Appendix. The limiting size¶

An analytical formula for the limiting size of the compartment $R$ exists under following assumptions. (See the Wikipedia Page)

the basic reproductive ratio $\frac{\beta}{\gamma}$ is strictly greater than 1
the initial fraction of the compartment $S_0/N$ is close to 1

To obtain the result, we use lower case letter $s_t$, $i_t$, and $r_t$ to represent the fractions of each compartment.
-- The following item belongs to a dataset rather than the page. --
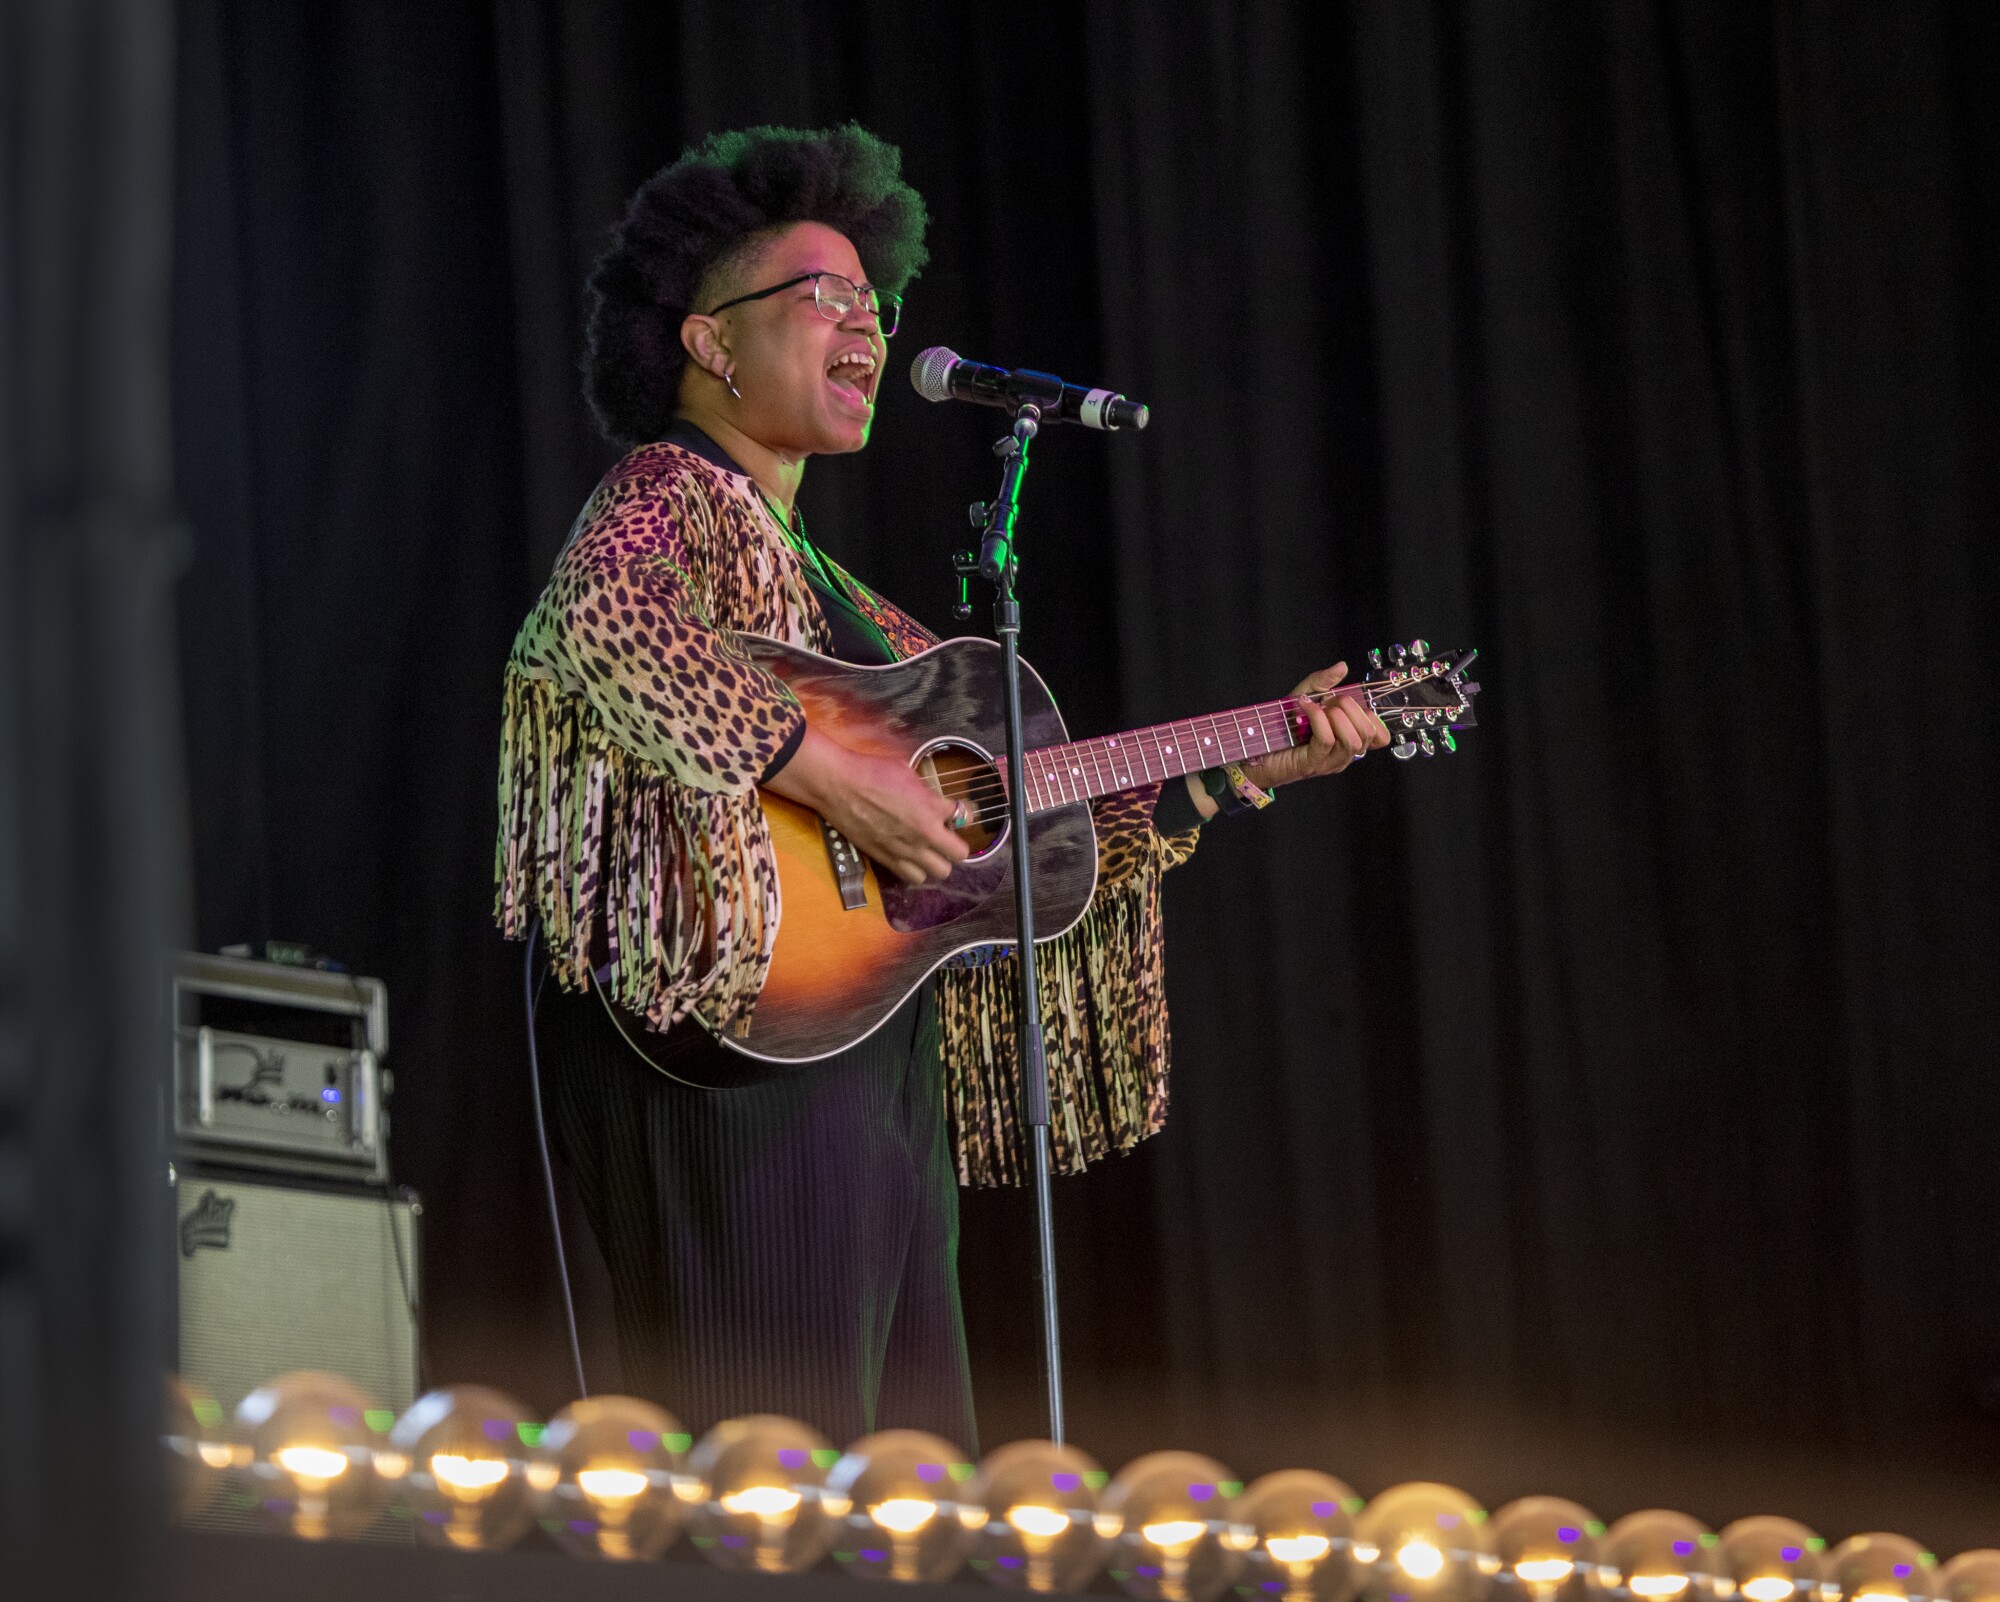 Amythyst Kiah plays the guitar and sings onstage

\begin{equation} \begin{split} & s_{t+1} - s_{t} = - \beta s_t i_t \\ & i_{t+1}- i_{t} = \beta s_t i_t - \gamma i_t \\ & r_{t+1} - r_t = \gamma i_t \end{split} \end{equation}

Divide the first equation above by $s_t$ into both sides and further rearrange it.
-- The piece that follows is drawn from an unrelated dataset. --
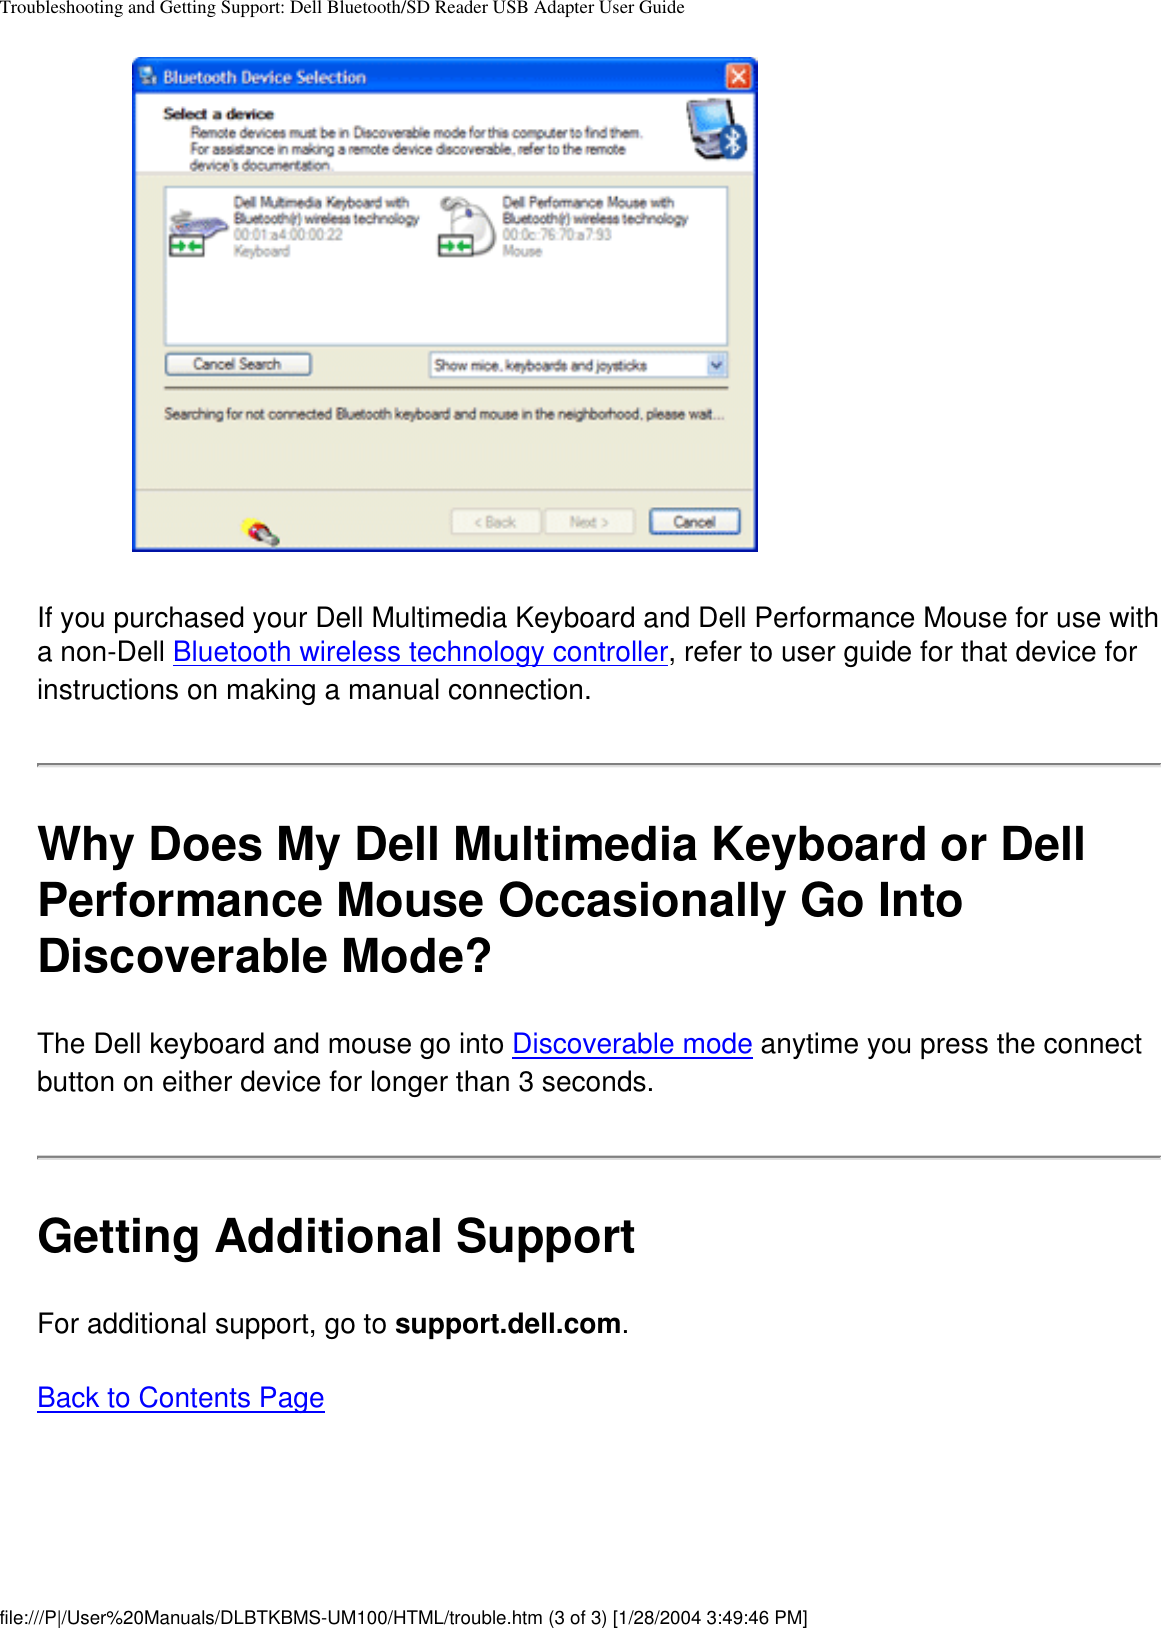 Troubleshooting and Getting Support: Dell Bluetooth/SD Reader USB Adapter User GuideIf you purchased your Dell Multimedia Keyboard and Dell Performance Mouse for use with a non-Dell Bluetooth wireless technology controller, refer to user guide for that device for instructions on making a manual connection.Why Does My Dell Multimedia Keyboard or Dell Performance Mouse Occasionally Go Into Discoverable Mode?The Dell keyboard and mouse go into Discoverable mode anytime you press the connect button on either device for longer than 3 seconds. Getting Additional SupportFor additional support, go to support.dell.com.Back to Contents Pagefile:///P|/User%20Manuals/DLBTKBMS-UM100/HTML/trouble.htm (3 of 3) [1/28/2004 3:49:46 PM]

\begin{equation} \begin{split} &\Delta ln(s_{t+1}) \equiv \frac{s_{t+1} - s_{t}}{s_t} = - \beta i_t \\ & \rightarrow i_t = -\frac{\Delta ln(s_{t+1})}{\beta} \end{split} \end{equation}

Plug it in the third equation above, we get

\begin{equation} \begin{split} &r_{t+1}- r_t = - \frac{\gamma}{\beta} (ln(s_{t+1})-ln(s_{t})) \\ \end{split} \end{equation}

The equation above holds for any choice of $t$ and $t+\Delta t$, hence we have

\begin{equation} \begin{split} &r_{t+\Delta t}- r_t = - \frac{\gamma}{\beta} (ln(s_{t+\Delta t})-ln(s_{t})) \\ \end{split} \end{equation}

Assuming the initial size of $i_0$ to be infinitely small, hence, $s_0=1$. Plug these $t=0$ values $s_0=1$ and $r_0 =0$, we obtain

\begin{equation} \begin{split} &r_{\Delta t} = \frac{\gamma}{\beta} ln(s_{\Delta t}) \\ \end{split} \end{equation}

Taking the limit of the $\Delta t$ to $+ \infty$, and using the fact that in long run the fraction of the infection $i_{+\infty}=0$, and $1+s_{+\infty}=r_{+\infty}$, we arrive at the folowing equation.
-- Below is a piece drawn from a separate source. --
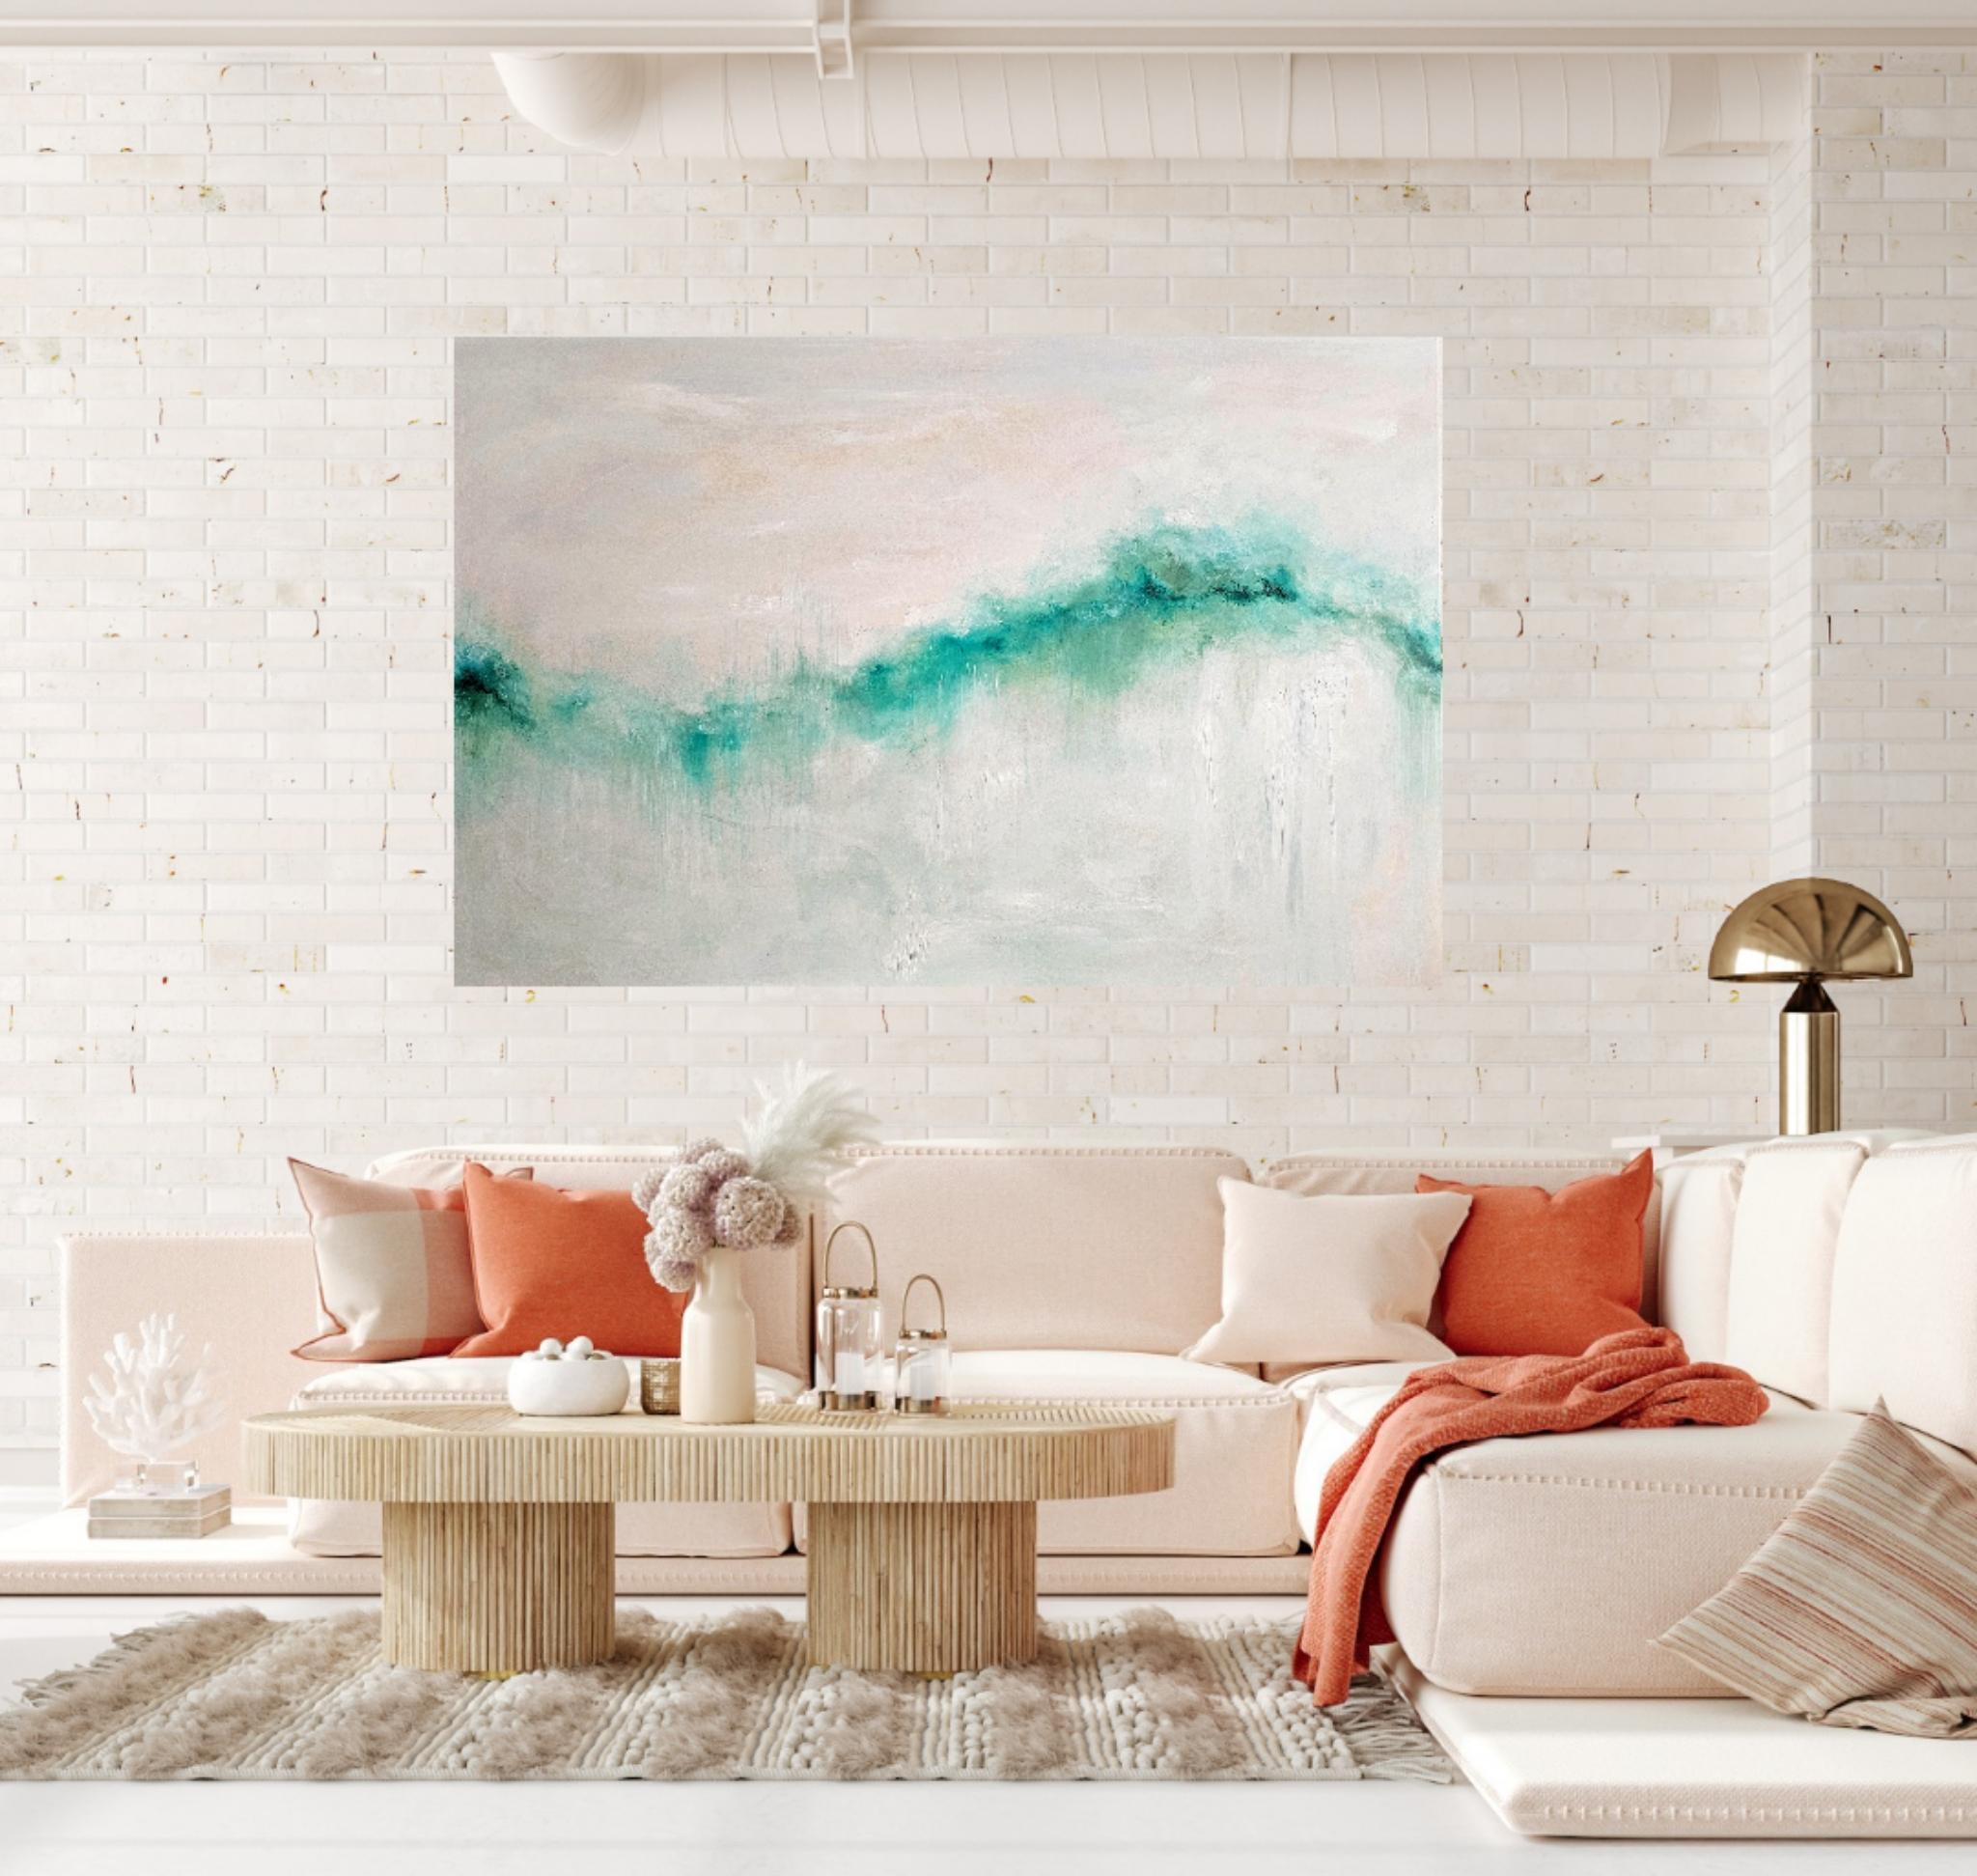 I dreamt of the sea - Large abstract seascape painting - Abstract Expressionist Painting by Jennifer L. Baker

\begin{equation} \begin{split} &r_{+\infty} = - \frac{\gamma}{\beta} ln(1-r_{+\infty}) \\ &\leftrightarrow e^{-\frac{\beta}{\gamma} r_{+\infty}} = 1-r_{+\infty} \end{split} \end{equation}

$r_{+\infty}$ and $s_{+\infty}$ can be solved.

Notice that the limiting size does not depend on the specific values of $\beta$ and $\gamma$ but its ratio.